- _PROMPT_
Which lines run from the line with "Aluminium Foil Food" through the line with "Investigations on the" in the entries below? Print them exactly, both ends included, and nothing more.

- _RECORDS SUPPLIED_
>>>
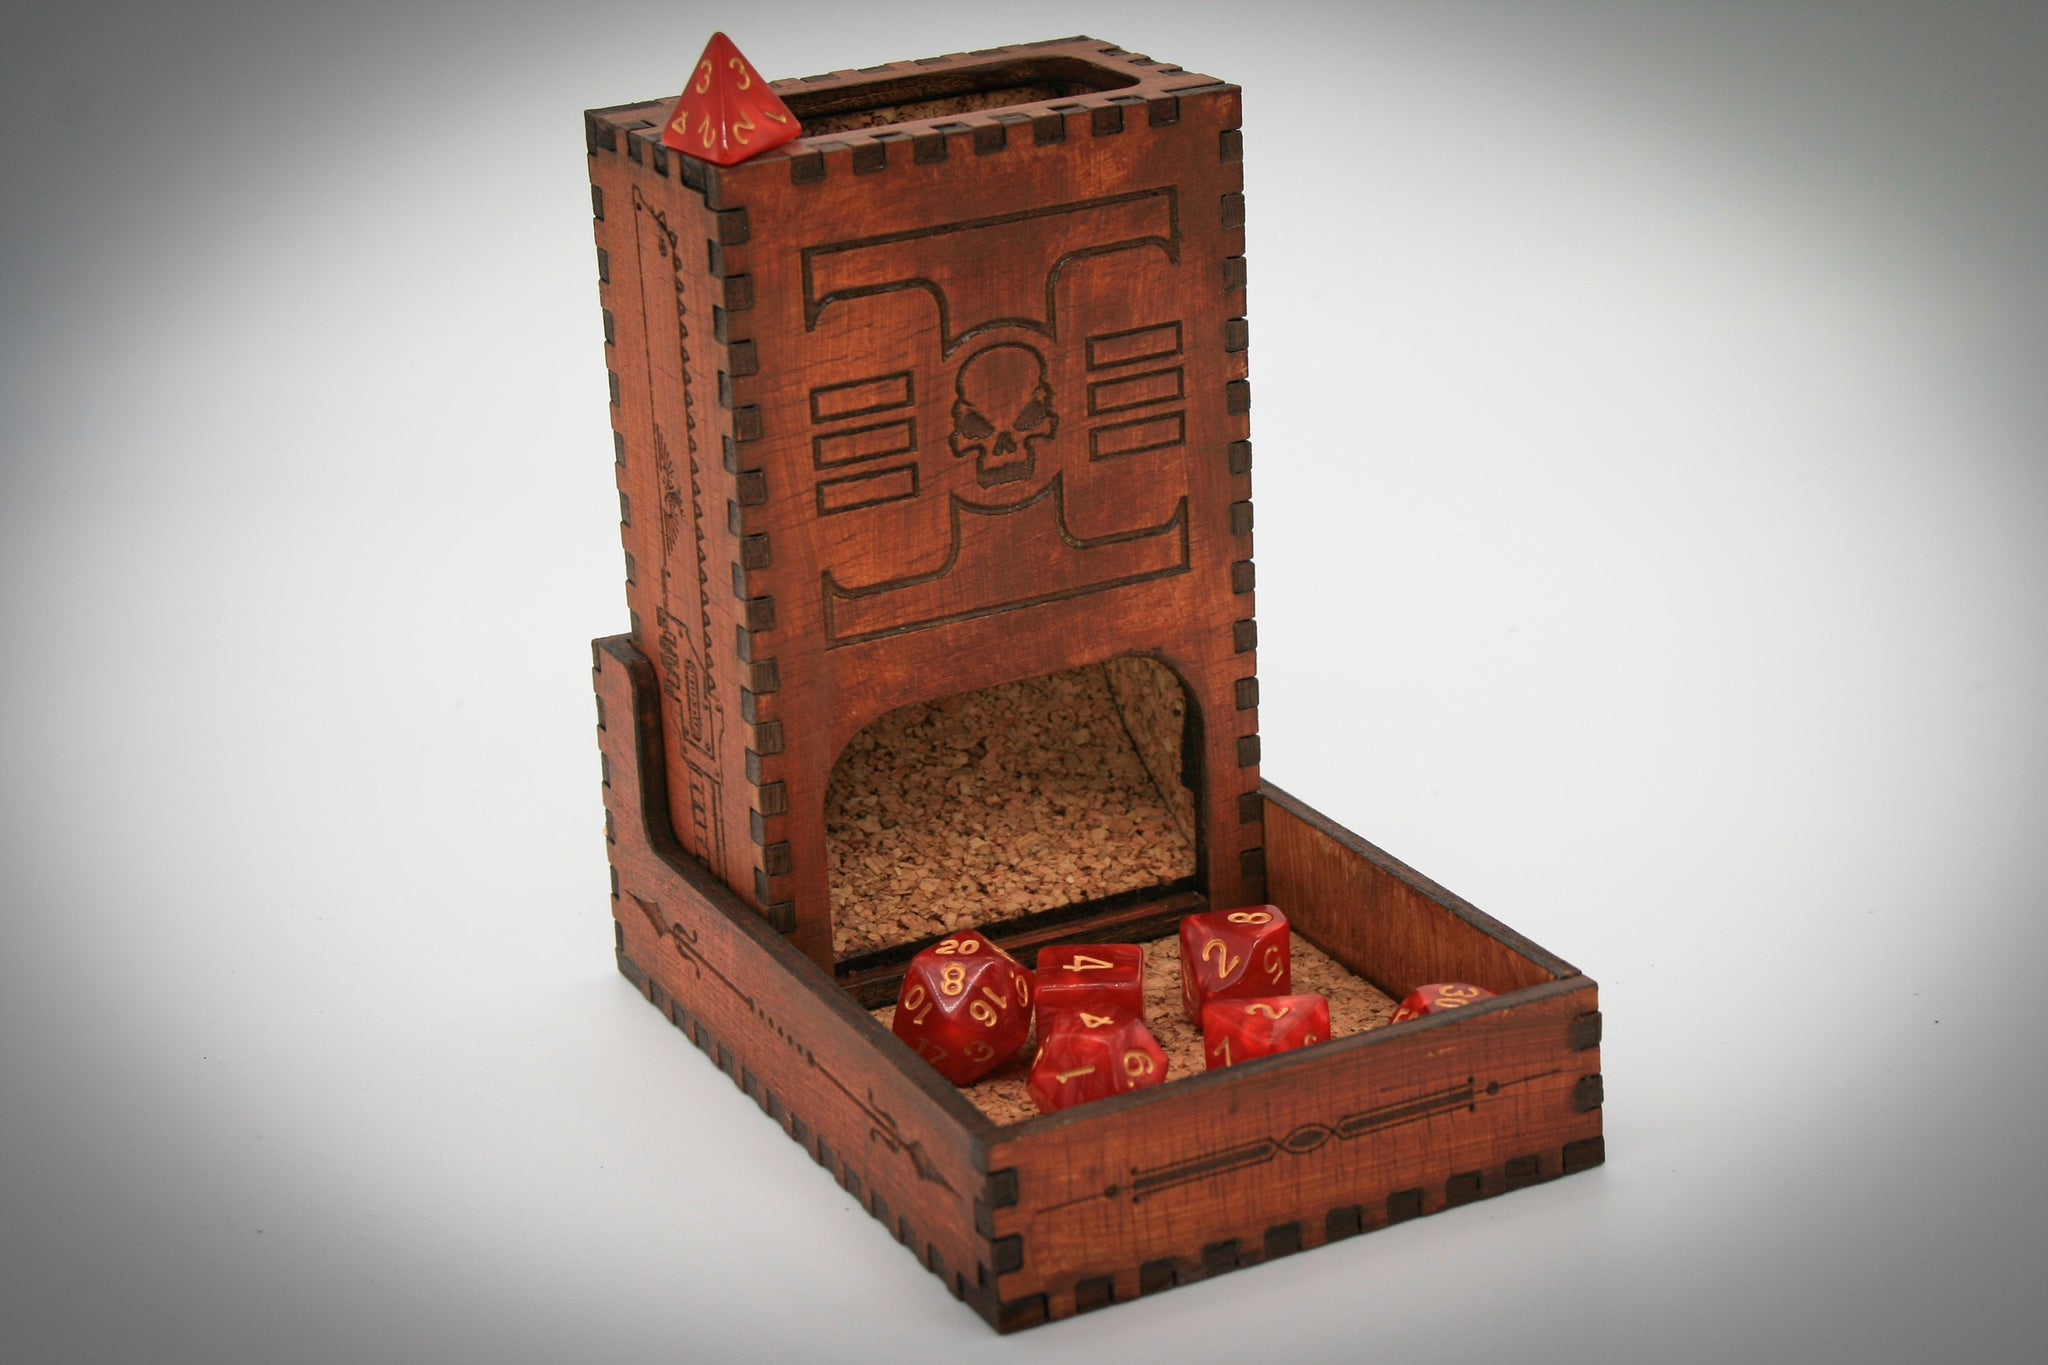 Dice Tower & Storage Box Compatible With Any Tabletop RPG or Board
<<<
>>>
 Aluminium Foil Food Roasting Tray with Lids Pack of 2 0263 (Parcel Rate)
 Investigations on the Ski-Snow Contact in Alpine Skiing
<<<
- _TASK ANSWER_
 Aluminium Foil Food Roasting Tray with Lids Pack of 2 0263 (Parcel Rate)
 Investigations on the Ski-Snow Contact in Alpine Skiing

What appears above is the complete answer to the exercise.